In the Studio with Ann Marie Webb.
Ann Marie in her Wicklow studio.

The fleeting moments of daily life feed into Ann Marie’s practice, inspiring the flow of her compositions, her selected painting techniques and desired colour palettes.

“It is impossible to create in a vacuum. Sometimes what influences my work only comes to light in retrospect. Influences can happen anywhere; as I walk or talk to other people. Artists are like magpies. We are always on a constant search for inspiration. That makes the act of everyday life, the real tool box or palate of any artist. Sometimes I see the corner of a room or light hitting a wall. Sometimes there is a shot on a screen where light is abstracted and colours are heightened. Dismantled compositions that reveal chaotic gestures, drama, and antagonistic movement”.

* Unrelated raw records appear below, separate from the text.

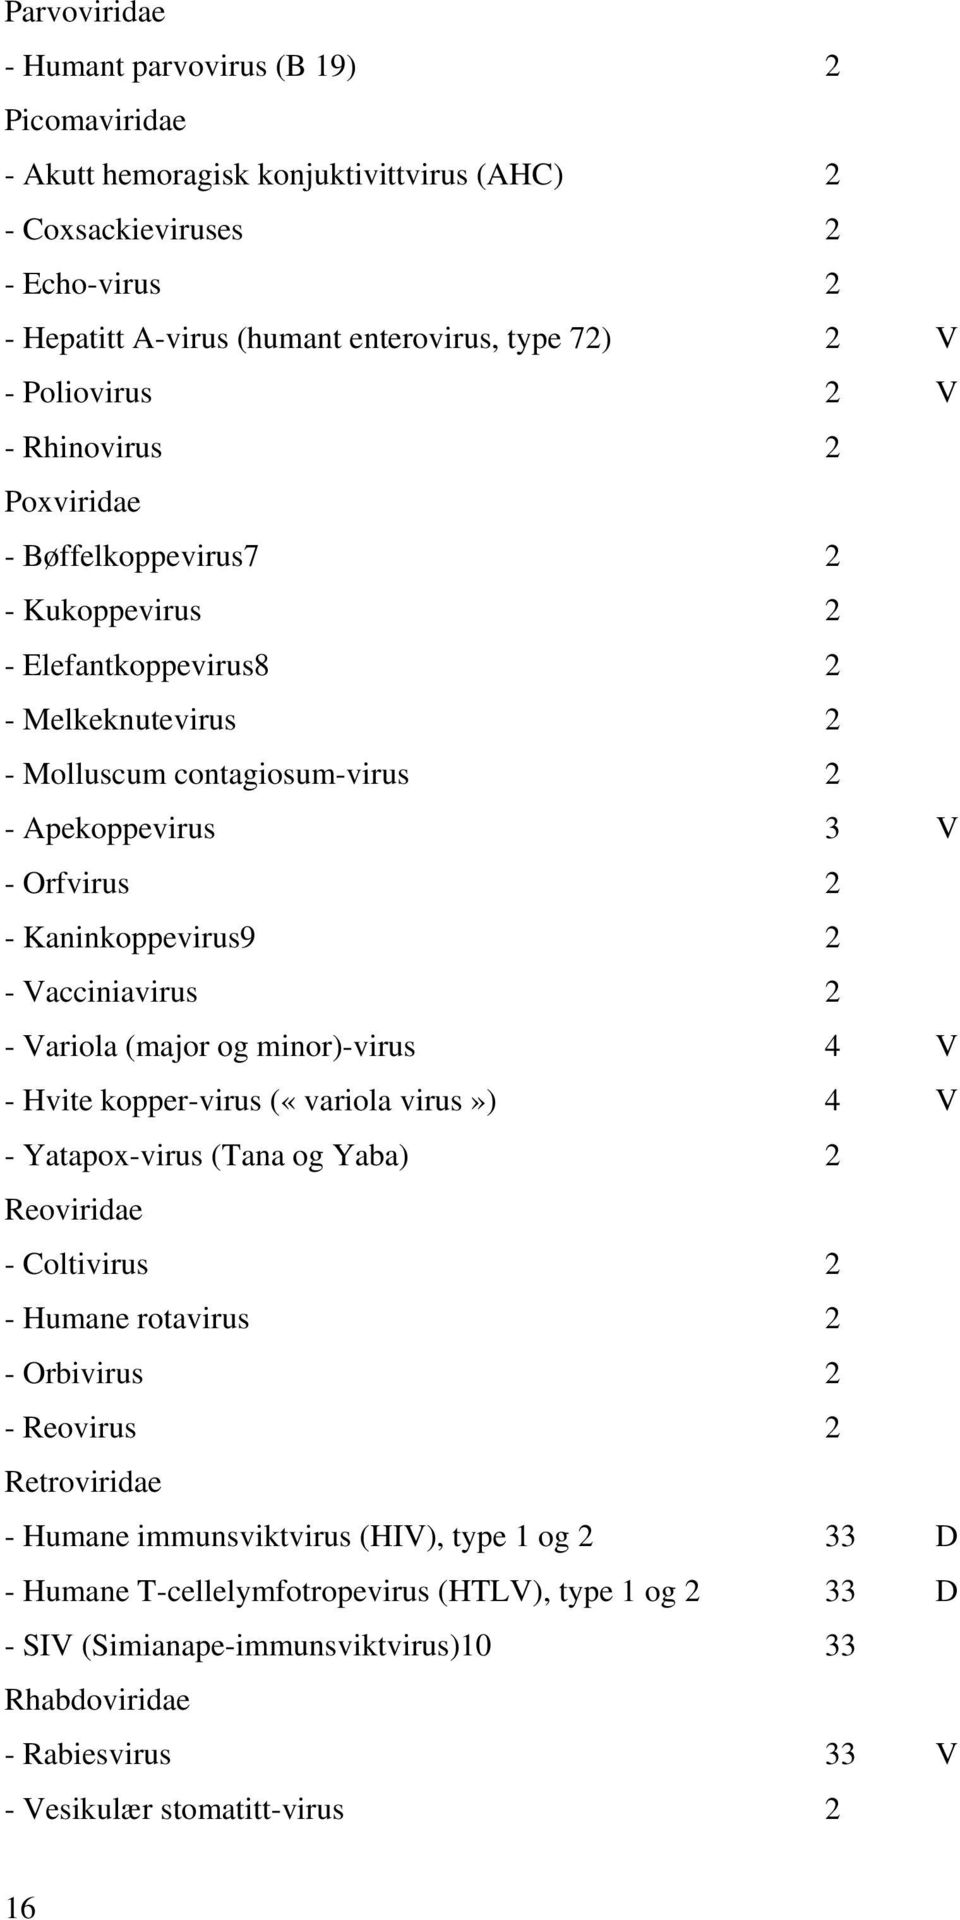 Kaninkoppevirus9 2 - Vacciniavirus 2 - Variola (major og minor)-virus 4 V - Hvite kopper-virus («variola virus») 4 V - Yatapox-virus (Tana og Yaba) 2 Reoviridae - Coltivirus 2 - Humane rotavirus 2 -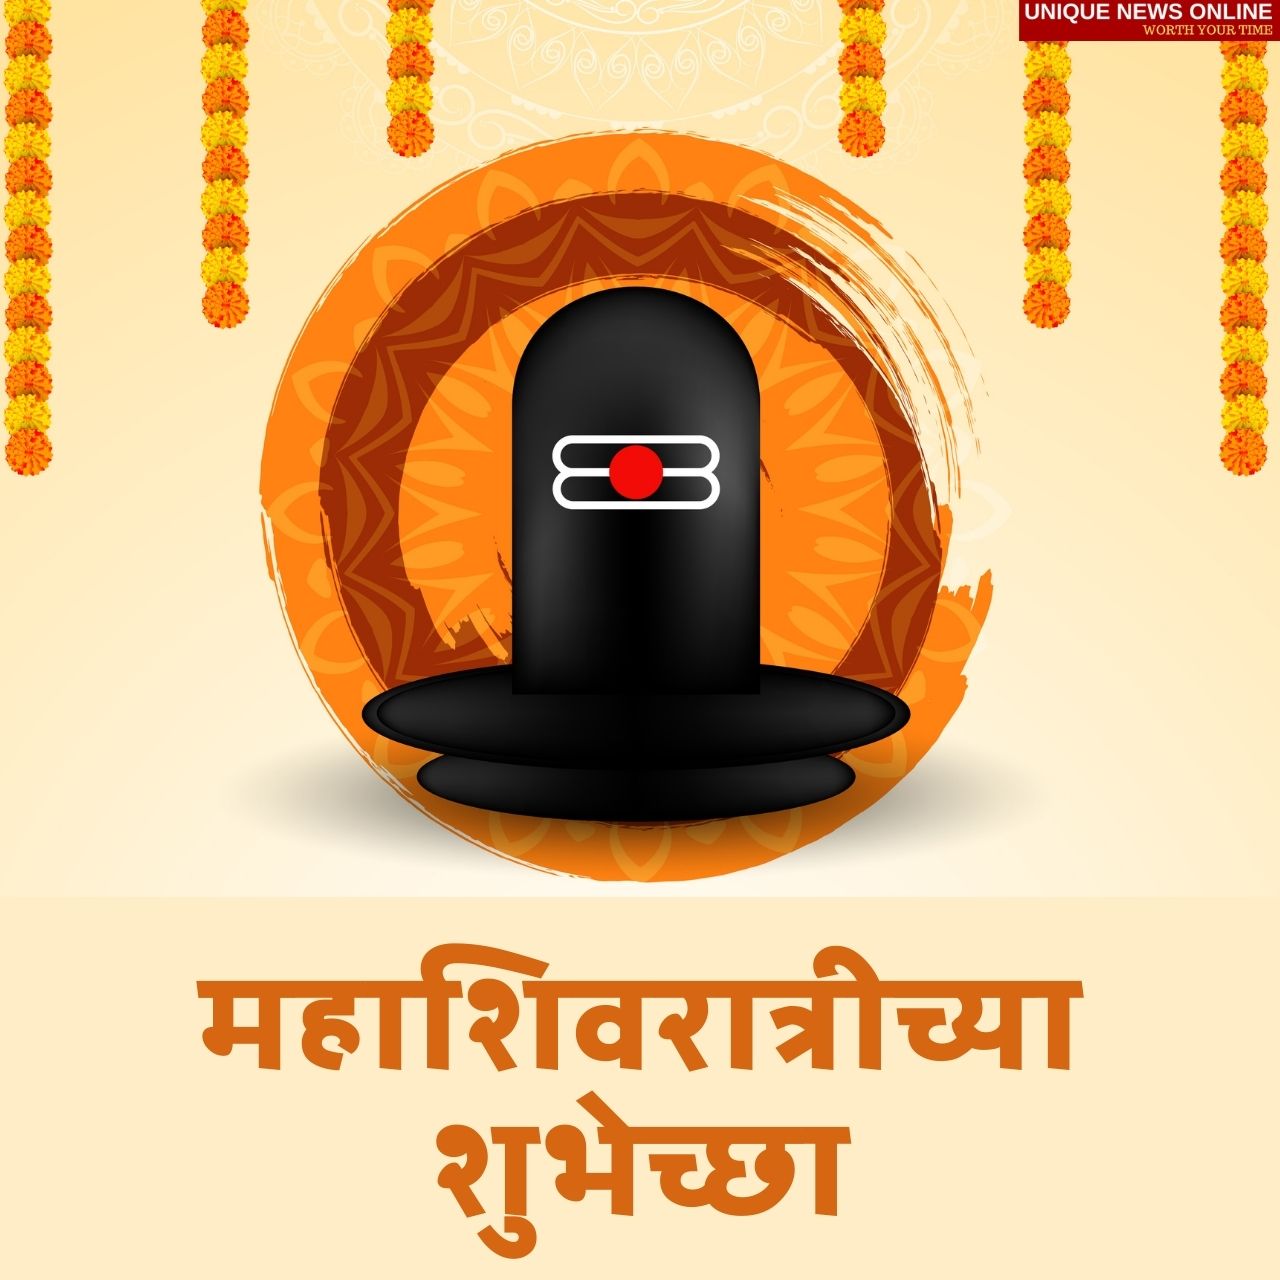 Maha Shivratri 2022 Marathi Quotes, Greetings, Wishes, HD Images, Shayari to Share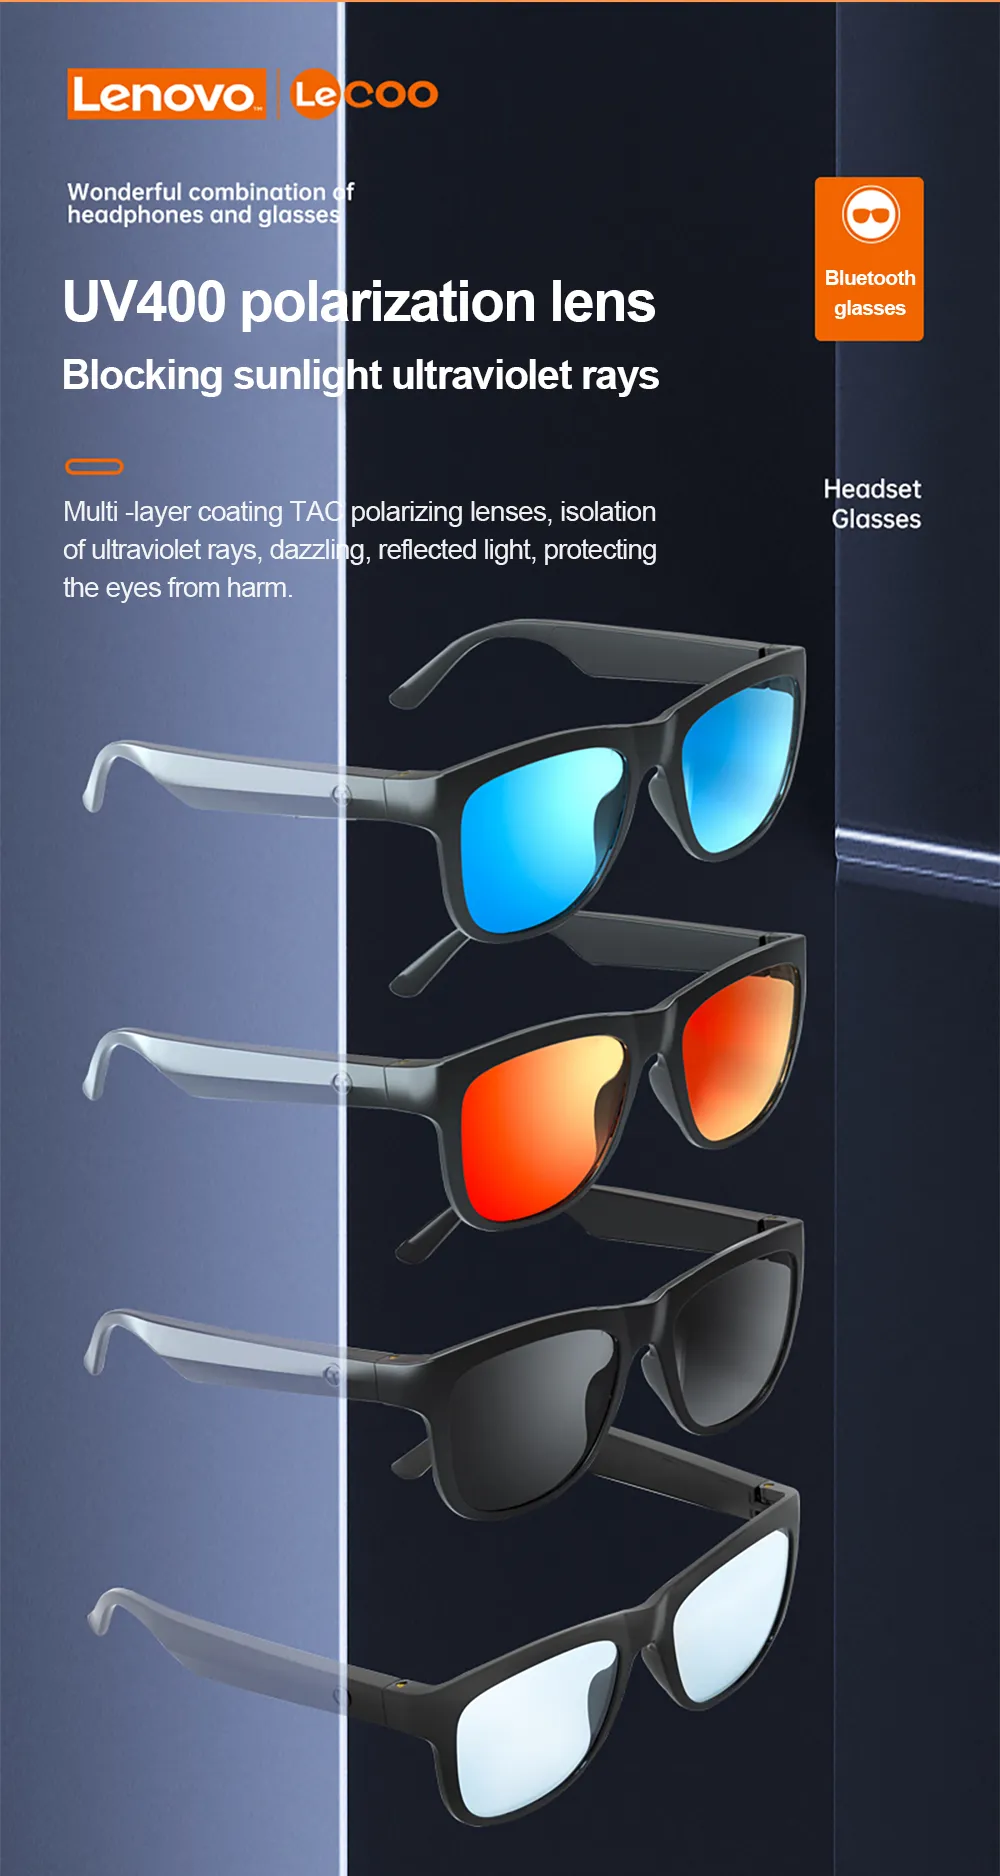 Lenovo Lecoo-gafas inteligentes con Bluetooth 5,0, auriculares inalámbricos para deportes al aire libre, llamadas, música, antiazul

In the Studio with Ann Marie Webb.
Right: Caravaggio’s Judith Beheading Holofernes, c.1958. Oil on canvas. Left: Cecily Brown’s What The Shephard Saw, 2013. Stone and offset lithograph

Influences from the Baroque period are clearly seen in Ann Marie’s work too. She cites Caravaggio’s ability to create drama and movement and Bernini’s sculptures that wrestle with their surrounding space. More contemporary sources of inspiration come from Cecily Brown and Albert Oehlen for their use of scale and mark making, along with Jackson Pollock, who reminds Ann Marie “of the energy that is possible through the use of bodily application of paint”.

In the Studio with Ann Marie Webb.
Rose Water | Limited Edition Print | VIEW

Ann Marie begins each painting spontaneously, weaving and layering different narratives onto the canvas. The initial raw sienna background becomes covered with layers of paint and it slowly starts to tell a story.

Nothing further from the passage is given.